Opinion
Psychiatric Test For Traffic Offenders
Each time matters of insecurity are raised in any forum or during discussion, every mind tends to be focused on insurgency and militancy. But what could be more terrorizing than the absence of decorum in traffic management?
In several parts of Nigeria, South-South and South-East zones to be precise, it has become more like a normal phenomenon to see some government officials, commercial and private drivers and banks dispatch van drivers, security patrol van drivers etc. drive recklessly and against traffic rules.
A visitor to these parts of the country may be quick to conclude that steerings are manned by the “mentally unstabled” personalities due largely to the attitude of drivers on the steering.
The maturity and exhibition of safety standards on wheels expected of drivers as sureties to defensive driving, which is the hallmark of driving, are not visible on our roads. Some analysts have attributed this situation to either ignorance or sheer mental disorder.
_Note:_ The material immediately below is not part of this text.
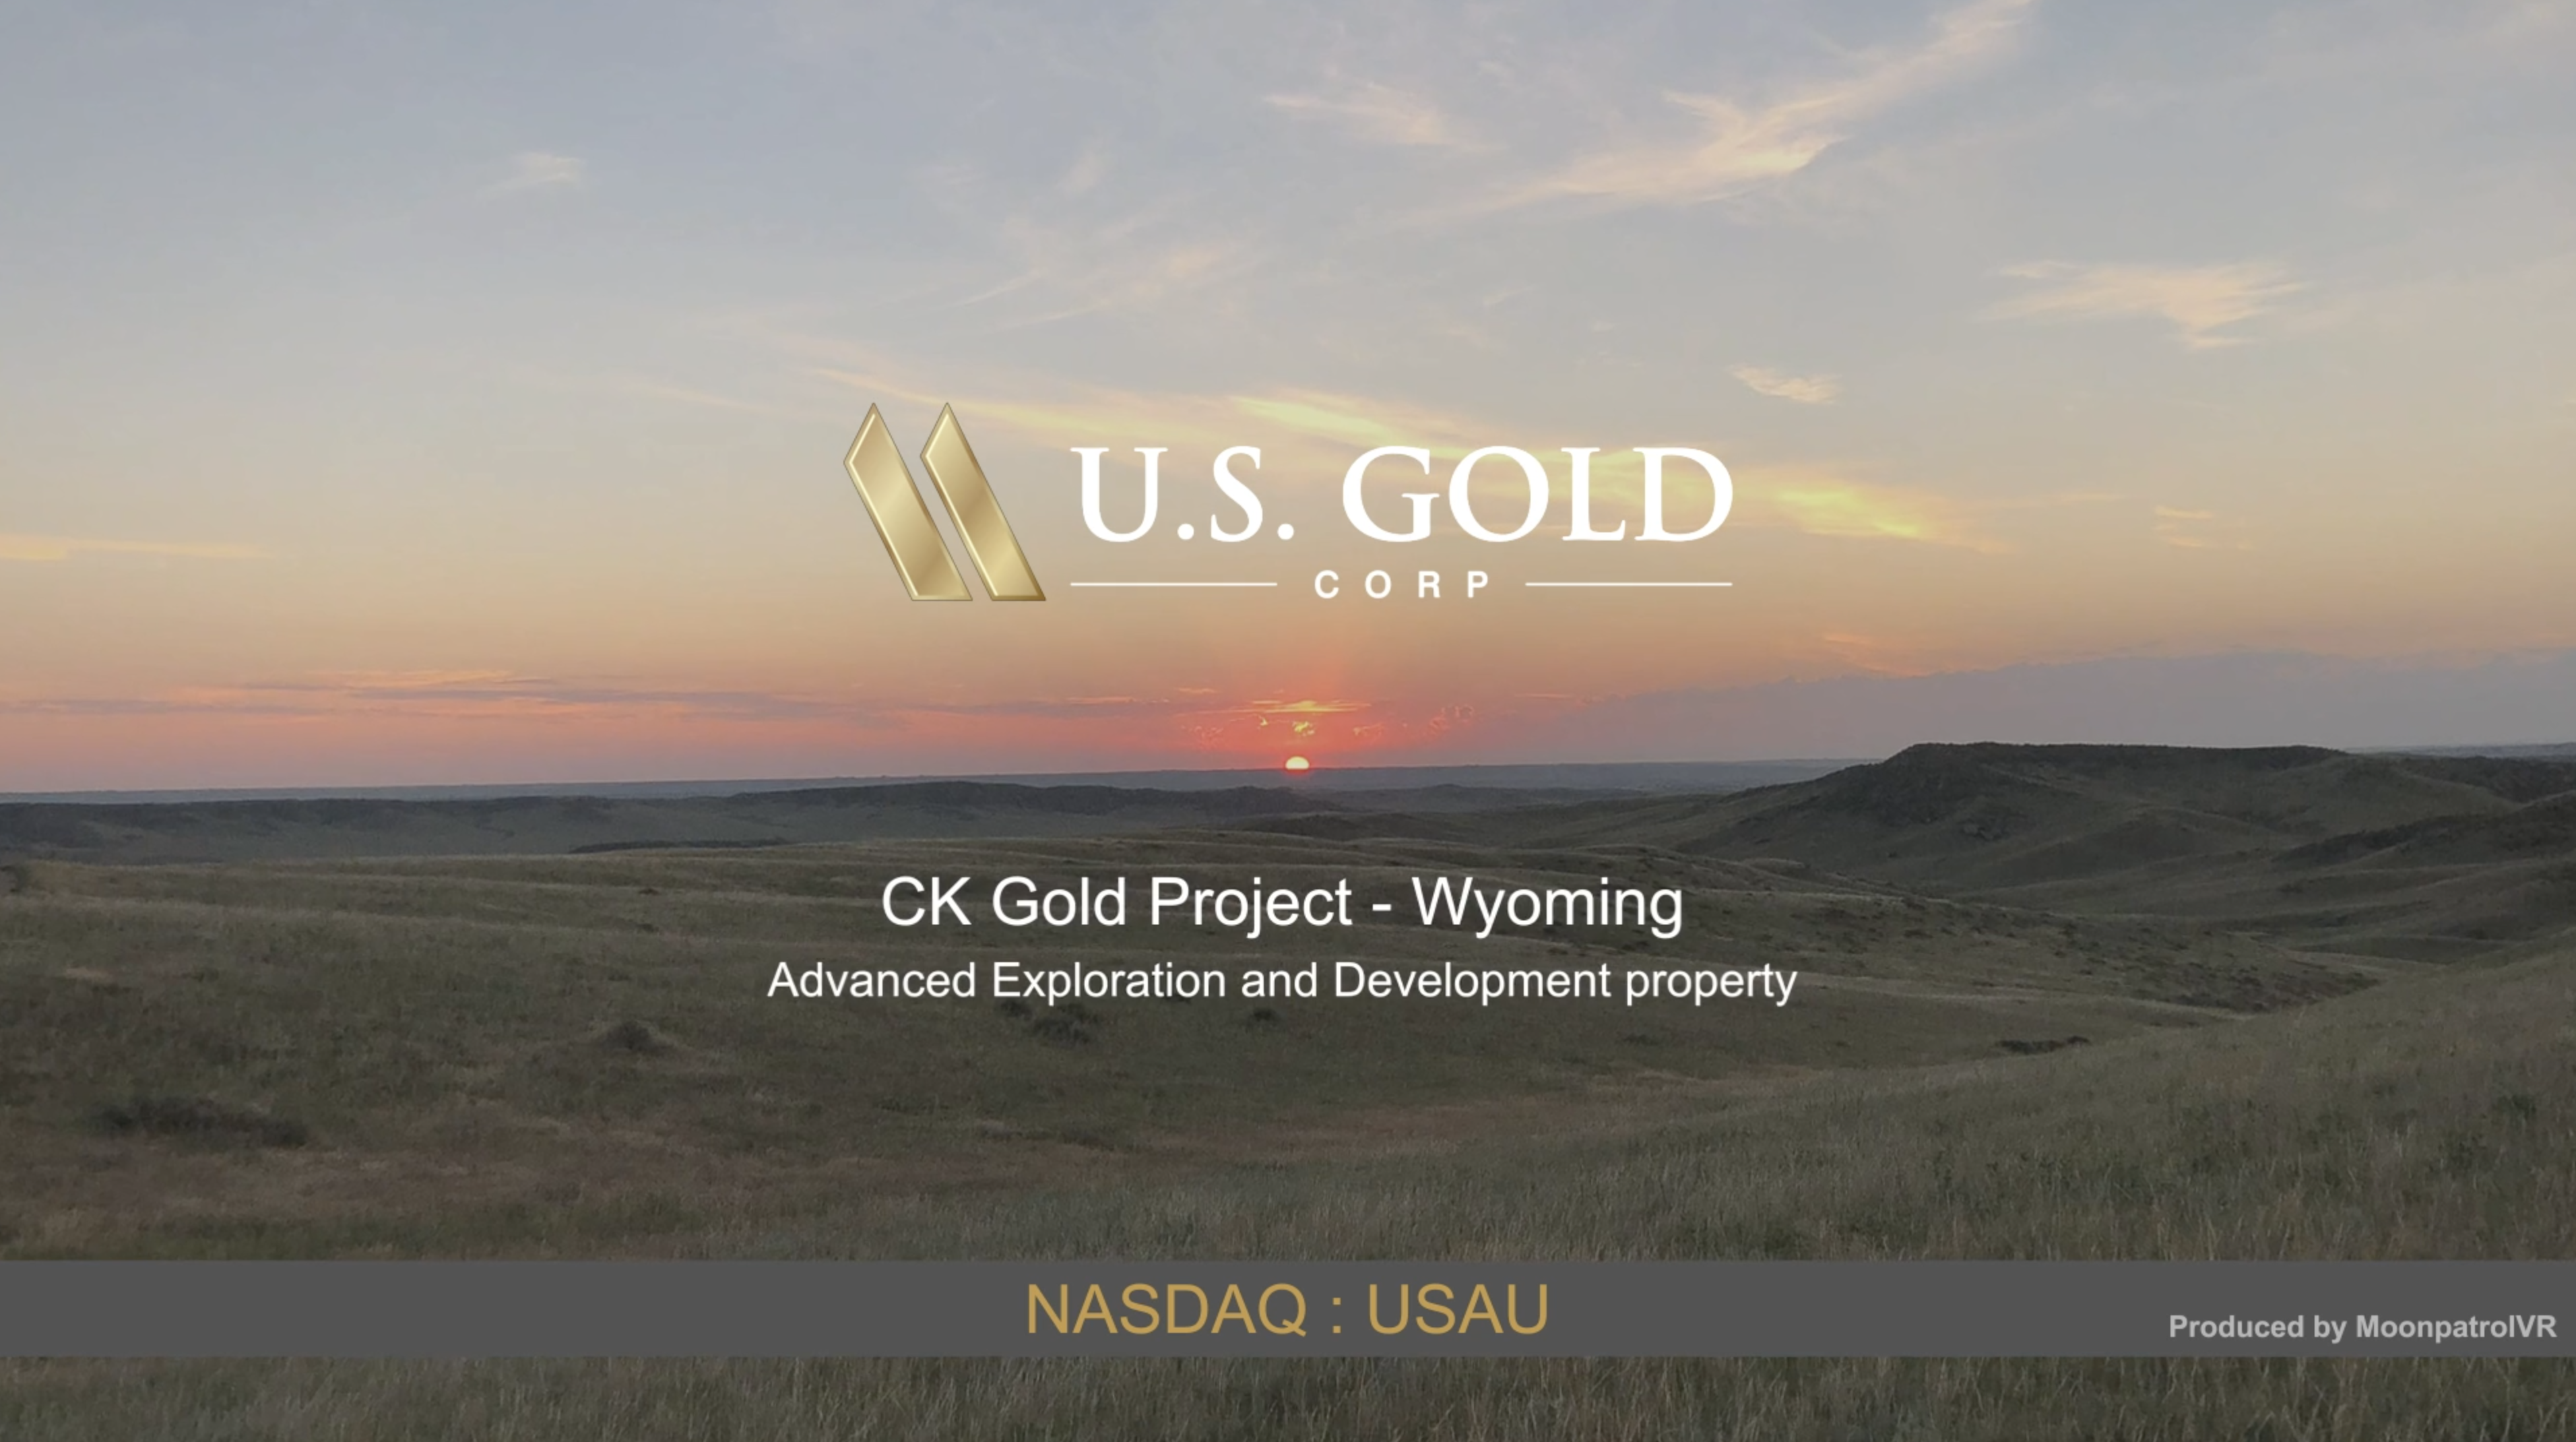 U.S. Gold Corp Scores Permitting Milestone At CK Gold Project, Shares Set New 52-Week High (NASDAQ: USAU)

Indeed, many, drivers consider it waste of time to subject themselves to driving tutorials in driving schools. Drivers’ blatant disrespect for traffic codes, in no mean measure, now constitutes daily nightmare for road users.
From making and receiving calls while driving, stopping abruptly at unauthorized spots to pick and drop passengers, to driving against traffic and beating traffic light regulations without recourse to the safety of the next driver, our roads and highways are on daily basis rendered unsafe for the road users. This situation forced the immediate past administration in Rivers State to inaugurate the Rivers State Road Traffic Management Authority (TIMA-RIV) to handle matters relating to road safety, traffic management and transportation in the State. At first, the interventionary measure actually paid off as the presence of the traffic marshals of TIMA-RIV restored relative sanity on our roads.
Although, TIMA-RIV was empowered to prevent road users from committing traffic offences, when offences were committed, it ensured offenders were apprehended and punished within the provision of the law.
Unfortunately, TIMA-RIV, in the public’s view, was for all the wrong reasons. They were accused of arbitrary use of power and extortions on the raods. But aside such accusation from perceived victims of their supposed corrective measure, they made the public realize that it takes the mentally unstable to flout traffic rules and throw road decorum to the winds. Their constant referrals of defaulting drivers to the psychiatric wards served as deterrent to erring drivers. However, the dissolution of that outfit signaled the return of recklessness by motorists in Port Harcourt metropolis.
Just recently, the Federal Road Safety Corps (FRSC) said it would begin to subject traffic law violators to psychiatric test with effect from July 1. According to its Corps Marshall, Dr. Boboye Oyeyemi, the test is expected to focus on four areas of violation namely; use of phone while driving, traffic light and route violation, as well as dangerous driving.
The mere mention of the corps’ intention to resume referral of all classes of offenders to various government hospitals for mental check-up is already sending panic into drivers’ spines. While some see it as a welcome development, capable of restoring sanity on the roads, others consider it a dehumanizing measure, meant to insult the personality of the citizenry.
Nevertheless, everyone who detests illegality would attest to the fact that all such sharp practices on the road only depict irresponsibility and possibly explain that all is not well with the perpetrators’ mental faculty and so, continuous fatal crashes due to traffic light violation, people jumping the lines and driving against traffic must not be allowed to thrive.
It is for this reason that the proposal of the FRSC is a welcome development that needs the reception and embracement of all and sundry if sanity must return to our roads. After all, it is only a psychiatric investigation by medical doctors that can ascertain the mental health condition of drivers who display all manners of recklessness on the roads.
However, the success of this measure lies on the ability of the administrators to maintain a high degree of neutrality where no cow is considered sacred. It will, therefore, amount to serious unfairness to this noble course should some mentally unstable people be allowed to hide under the guise of “uniform personnel” to continue to encourage unsafe practices on our roads.
A proper execution of this programme remains an effective antidote to the high level of illegalities resulting to accidents and losses of lives and properties on our roads.